Is the Gender Wage Gap Linked to Depression or Anxiety?

By No machine-readable author provided. Webber assumed (based on copyright claims). [Public domain], via Wikimedia Commons

Are you a woman who makes less money than your husband or partner? Are you depressed because the wage disparity between genders seems unfair? A new study suggests the wage gap between men and women in America could be one reason why women have a higher level of depression.

The Study:

Women who earn a lower income than a man with similar levels of education and experience, were 2.5 times more likely than men to have major depression. However, women who had incomes similar to their male peers didn’t have a greater risk of depression, the study revealed.

Dr. Jonathan Platt, Ph.D at Columbia University, states, “Our results show that some of the gender disparities in depression and anxiety may be due to the effects of structural gender inequality in the workforce and beyond.”

He further states, “The social processes that sort women into certain jobs, compensate them less than equivalent male counterparts, and create gender disparities in domestic labor have material and psychosocial consequences.”

The results of the study was published in the January 2016 issue of the journal Social Science & Medicine.

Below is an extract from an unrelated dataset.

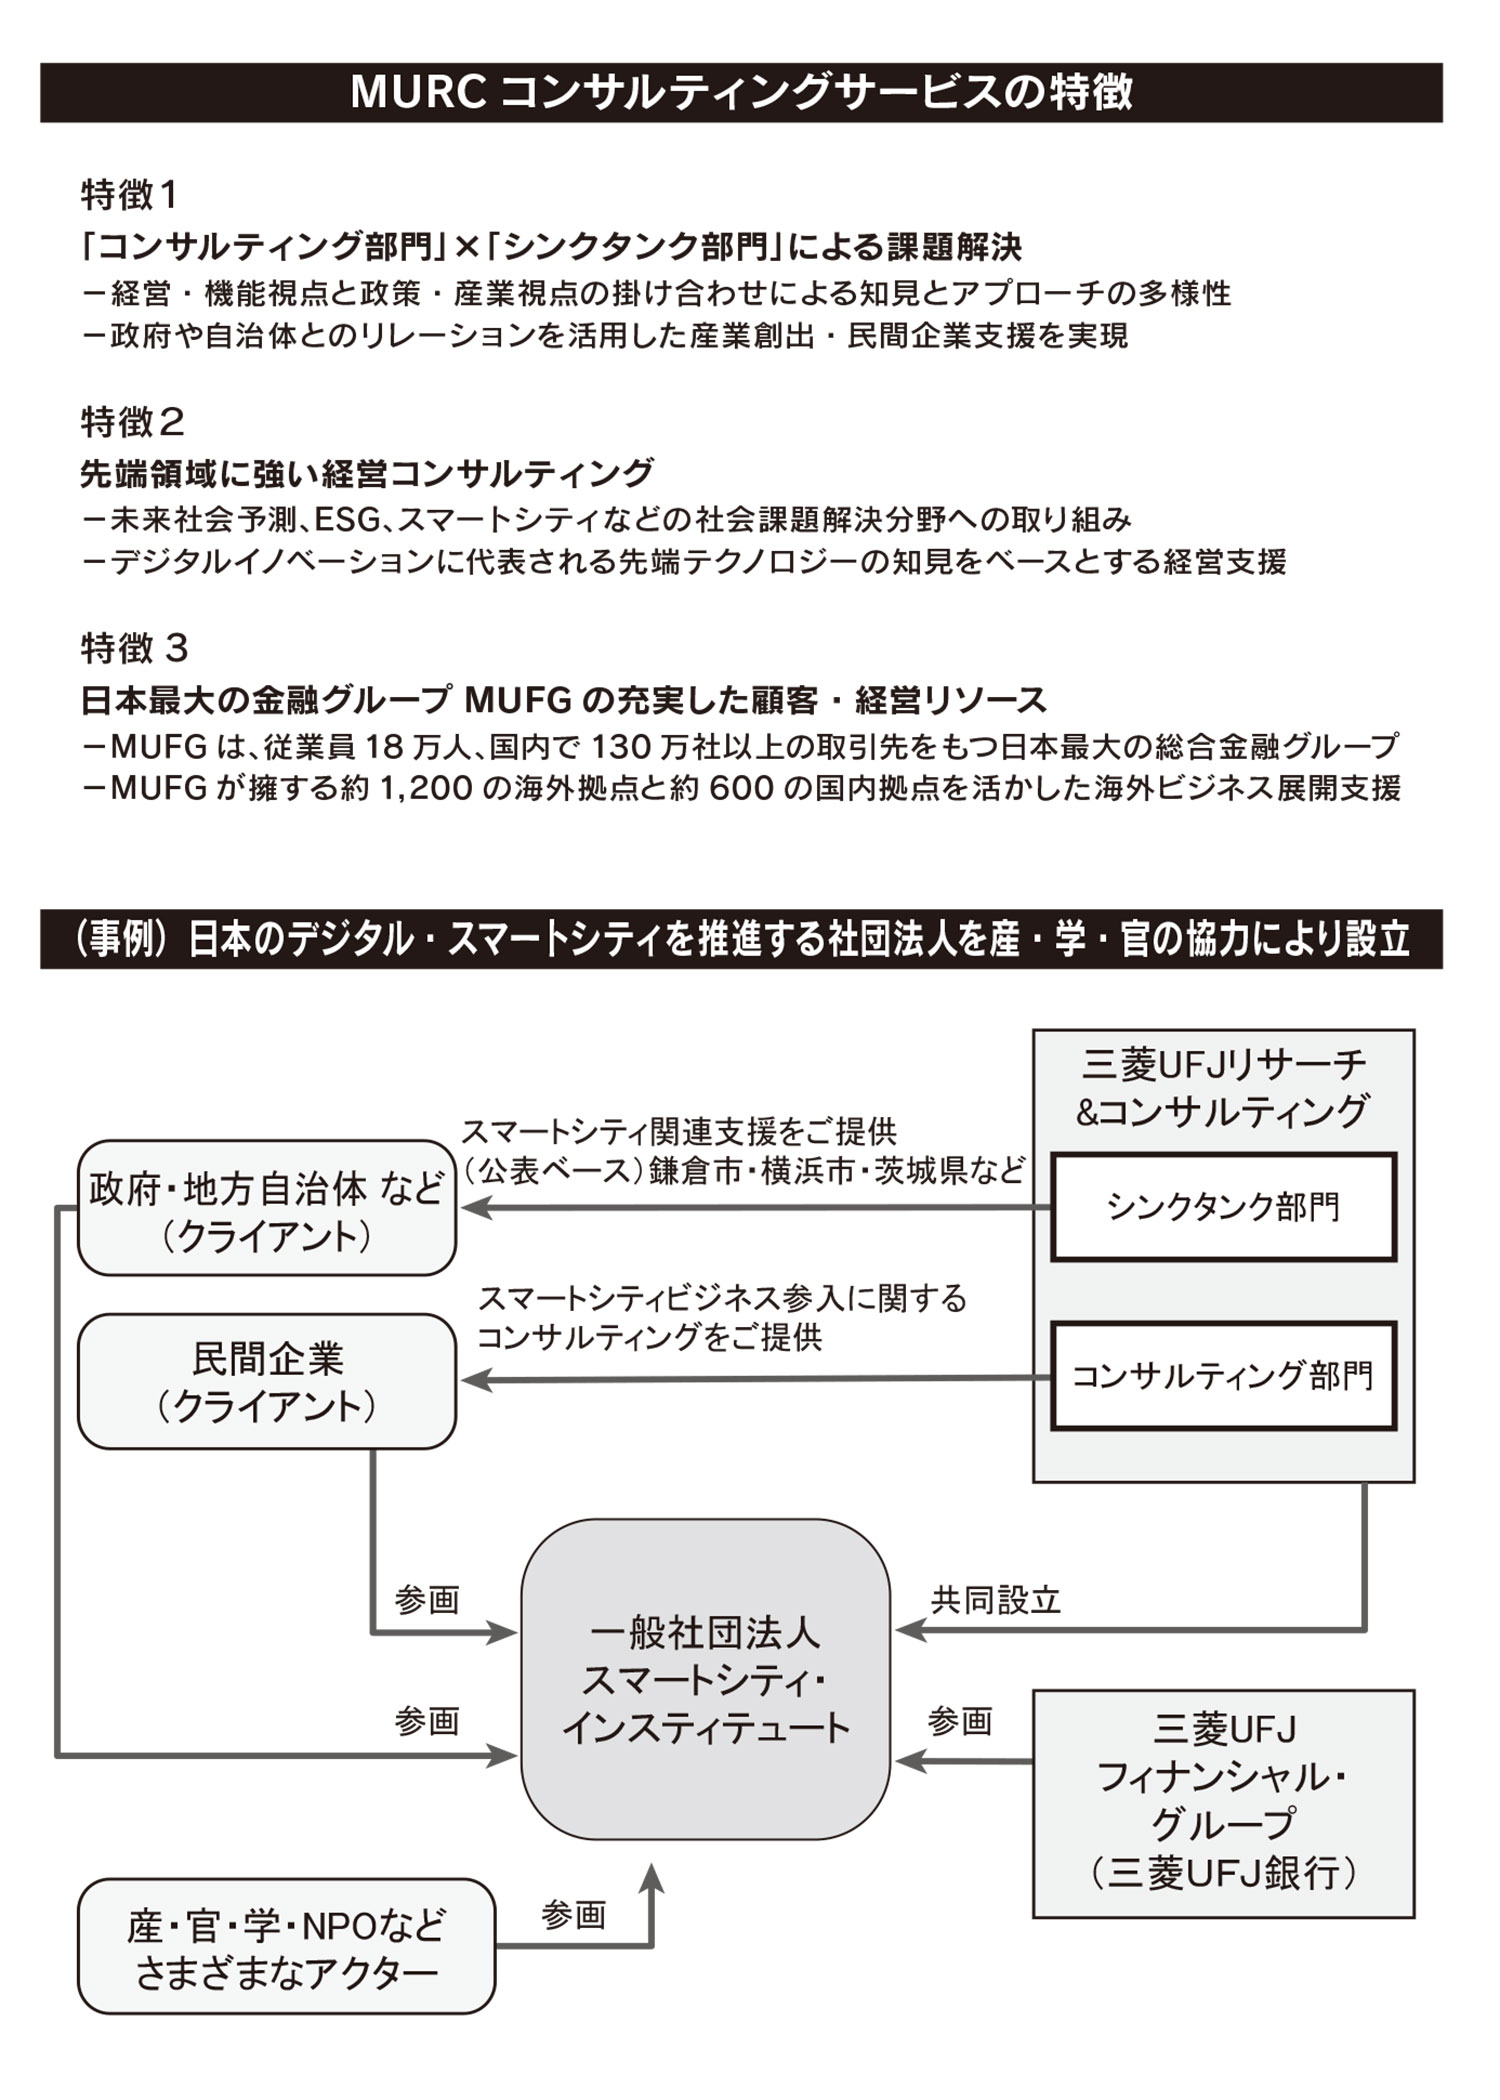 MURC コンサルティングサービスの特徴 （事例）日本のデジタル・スマートシティを推進する社団法人を産・学・官の協力により設立

Researchers reviewed data from more than 22,000 working adults between the ages of 30 to 65 years of age. The information in the study was collected between 2001 and 2002.

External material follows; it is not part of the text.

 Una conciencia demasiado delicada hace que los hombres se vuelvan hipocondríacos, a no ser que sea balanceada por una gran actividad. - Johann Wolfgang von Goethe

Overall in the study, it was determined women were two times more likely than men to be diagnosed with depression within the past year.

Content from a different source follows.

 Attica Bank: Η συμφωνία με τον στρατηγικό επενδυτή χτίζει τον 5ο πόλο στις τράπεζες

In addition to finding women who earned less than men were more likely to be depressed, investigators also found these women had more than double the risk of generalized anxiety disorder.

However, when researchers again broke down the results according to earnings, they saw the gender gap was what made a difference. Women who earned less than a man were four times more likely to suffer from anxiety disorder. The risk for women who earnings were similar to their male counterparts was significantly decreased.

These findings suggest females may be more likely to put the blame on earning less on themselves, and not on gender discrimination, the study authors found.

In Closing:

Dr. Platt states, “If women internalize these negative experiences as reflective of inferior merit, rather than the result of discrimination, they may be at an increased risk for depression and anxiety disorders.”

The study’s senior author, Katherine Keyes, a professor of epidemiology at Columbia University said, “Our findings suggest that policies must go beyond prohibiting overt gender discrimination, like sexual harassment.”

“It’s commonly thought that gender differences in depression and anxiety have biological roots,” stated Dr. Keyes in a press release.

However, she went on to add, “these results suggest that such differences are much more socially constructed than previously thought, indicating that gender disparities in psychiatric disorder are malleable and arise from unfair treatment.”

It’s vital to remember the study wasn’t designed to prove a cause and effect relationship between income disparity and mental illness, just to find an association.